DragonFly On-Line Manual Pages

UNICODE_CONVERT(3)          Courier Unicode Library         UNICODE_CONVERT(3)

NAME
       unicode_u_ucs4_native, unicode_u_ucs2_native, unicode_convert_init,
       unicode_convert, unicode_convert_deinit, unicode_convert_tocbuf_init,
       unicode_convert_tou_init, unicode_convert_fromu_init,
       unicode_convert_uc, unicode_convert_tocbuf_toutf8_init,
       unicode_convert_tocbuf_fromutf8_init, unicode_convert_toutf8,
       unicode_convert_fromutf8, unicode_convert_tobuf,
       unicode_convert_tou_tobuf, unicode_convert_fromu_tobuf - unicode
       character set conversion

SYNOPSIS
       #include <courier-unicode.h>

                extern const char unicode_u_ucs4_native[];

                extern const char unicode_u_ucs2_native[];

       unicode_convert_handle_t unicode_convert_init(const char *src_chset,
                                                     const char *dst_chset,
                                                     void *cb_arg);

       int unicode_convert(unicode_convert_handle_t handle, const char *text,
                           size_t cnt);

       int unicode_convert_deinit(unicode_convert_handle_t handle,
                                  int *errptr);

       unicode_convert_handle_t
                                                            unicode_convert_tocbuf_init(const
                                                            char *src_chset,
                                                            const char *dst_chset,
                                                            char **cbufptr_ret,
                                                            size_t *cbufsize_ret,
                                                            int nullterminate);

       unicode_convert_handle_t
                                                                   unicode_convert_tocbuf_toutf8_init(const
                                                                   char
                                                                   *src_chset,
                                                                   char **cbufptr_ret,
                                                                   size_t *cbufsize_ret,
                                                                   int nullterminate);

       unicode_convert_handle_t
                                                                     unicode_convert_tocbuf_fromutf8_init(const
                                                                     char *dst_chset,
                                                                     char **cbufptr_ret,
                                                                     size_t *cbufsize_ret,
                                                                     int nullterminate);

       unicode_convert_handle_t
                                                         unicode_convert_tou_init(const
                                                         char *src_chset,
                                                         unicode_char **ucptr_ret,
                                                         size_t *ucsize_ret,
                                                         int nullterminate);

       unicode_convert_handle_t
                                                           unicode_convert_fromu_init(const
                                                           char *dst_chset,
                                                           char **cbufptr_ret,
                                                           size_t *cbufsize_ret,
                                                           int nullterminate);

       int unicode_convert_uc(unicode_convert_handle_t handle,
                              const unicode_char *text, size_t cnt);

       char *unicode_convert_toutf8(const char *text, const char *charset,
                                    int *error);

       char *unicode_convert_fromutf8(const char *text, const char *charset,
                                      int *error);

       char *unicode_convert_tobuf(const char *text, const char *charset,
                                   const char *dstcharset, int *error);

       int unicode_convert_toubuf(const char *text, size_t text_l,
                                  const char *charset, unicode_char **uc,
                                  size_t *ucsize, int *error);

       int unicode_convert_fromu_tobuf(const unicode_char *utext,
                                       size_t utext_l, const char *charset,
                                       char **c, size_t *csize, int *error);

DESCRIPTION
       unicode_u_ucs4_native[] contains the string "UCS-4BE" or "UCS-4LE",
       matching the native unicode_char endianness.

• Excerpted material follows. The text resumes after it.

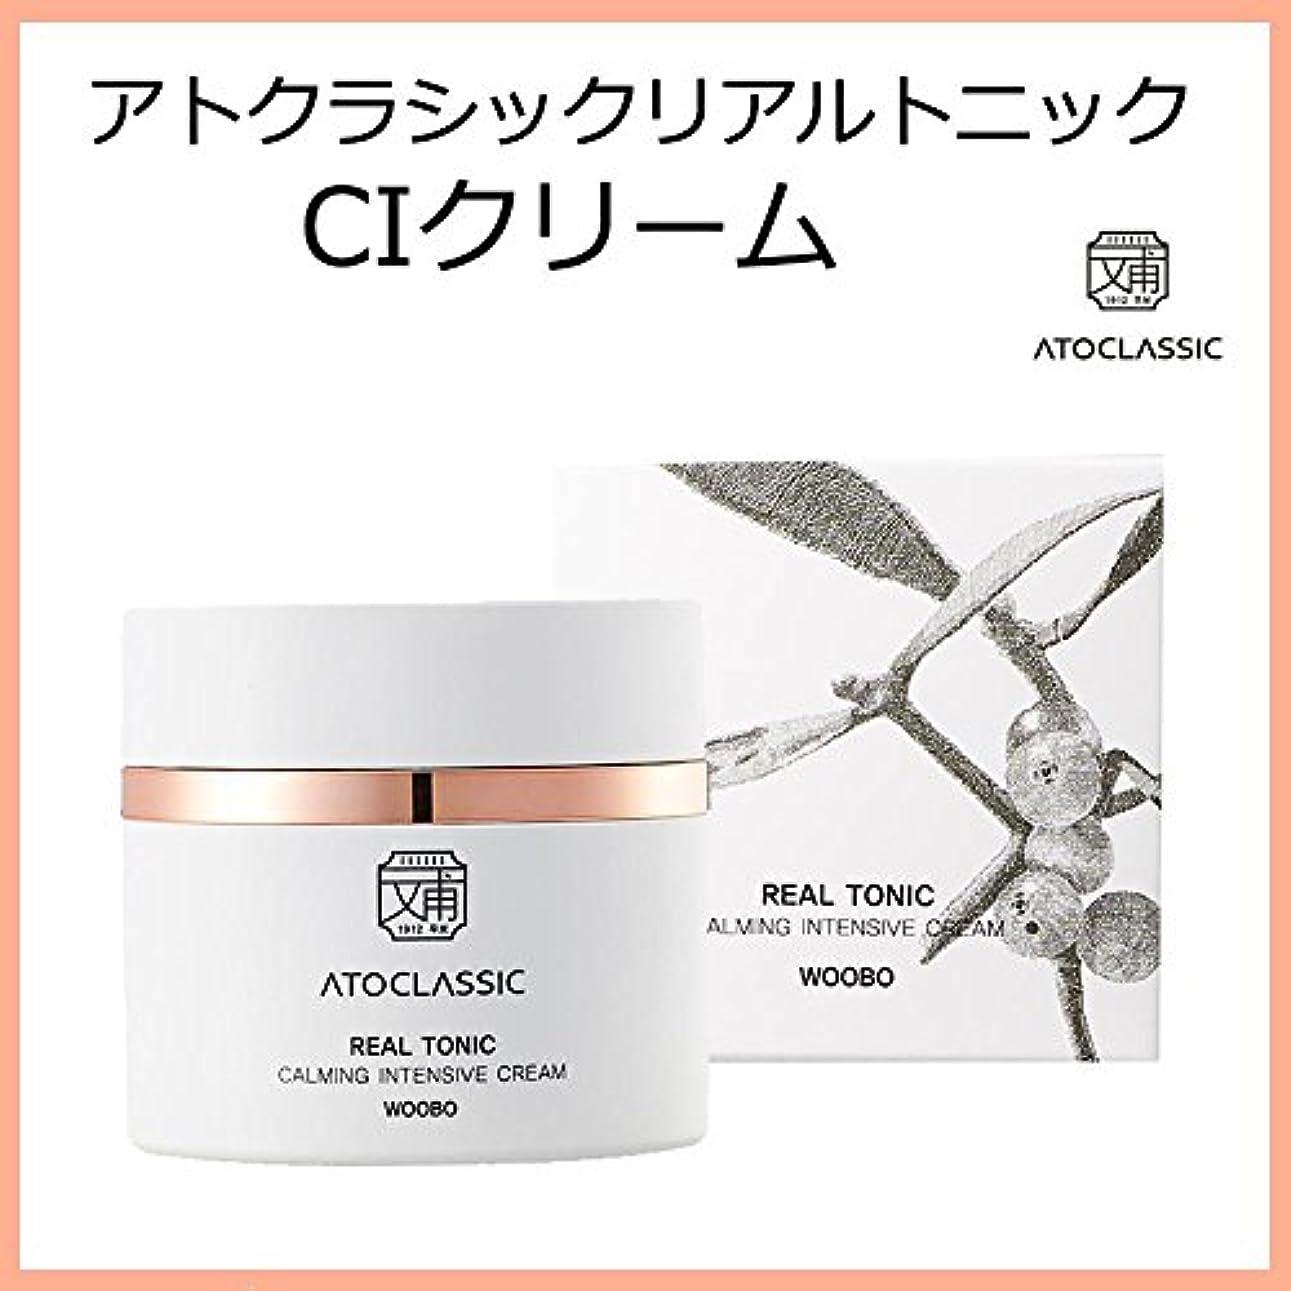 呼び起こす八百屋さんオークランド韓国コスメ ATOCLASSIC アトクラシックリアルトニック CIクリーム(Calming Intensive Cream) 50ml

       unicode_u_ucs2_native[] contains the string "UCS-2BE" or "UCS-2LE",
       matching the native unicode_char endianness.

       unicode_convert_init(), unicode_convert(), and unicode_convert_deinit()
       are an adaption of th iconv(3)[1] API that uses the same calling
       convention as the other algorithms in this unicode library, with some
       value-added features. These functions use iconv(3) to effect the actual
       character set conversion.

       unicode_convert_init() returns a non-NULL handle for the requested
       conversion, or NULL if the requested conversion is not available.
       unicode_convert_init() takes a pointer to the output function that
       receives receives converted character text. The output function
       receives a pointer to the converted character text, and the number of
       characters in the converted text. The output function gets repeatedly
       called, until it receives the entire converted text.

       The character text to convert gets passed, repeatedly, to
       unicode_convert(). Each call to unicode_convert() results in the output
       function getting invoked, zero or more times, with each successive part
       of the converted text. Finally, unicode_convert_deinit() stops the
       conversion and deallocates the conversion handle.

       It's possible that a call to unicode_convert_deinit() results in some
       additional calls to the output function, passing the remaining, final
       parts, of the converted text, before unicode_convert_deinit()
       deallocates the handle, and returns.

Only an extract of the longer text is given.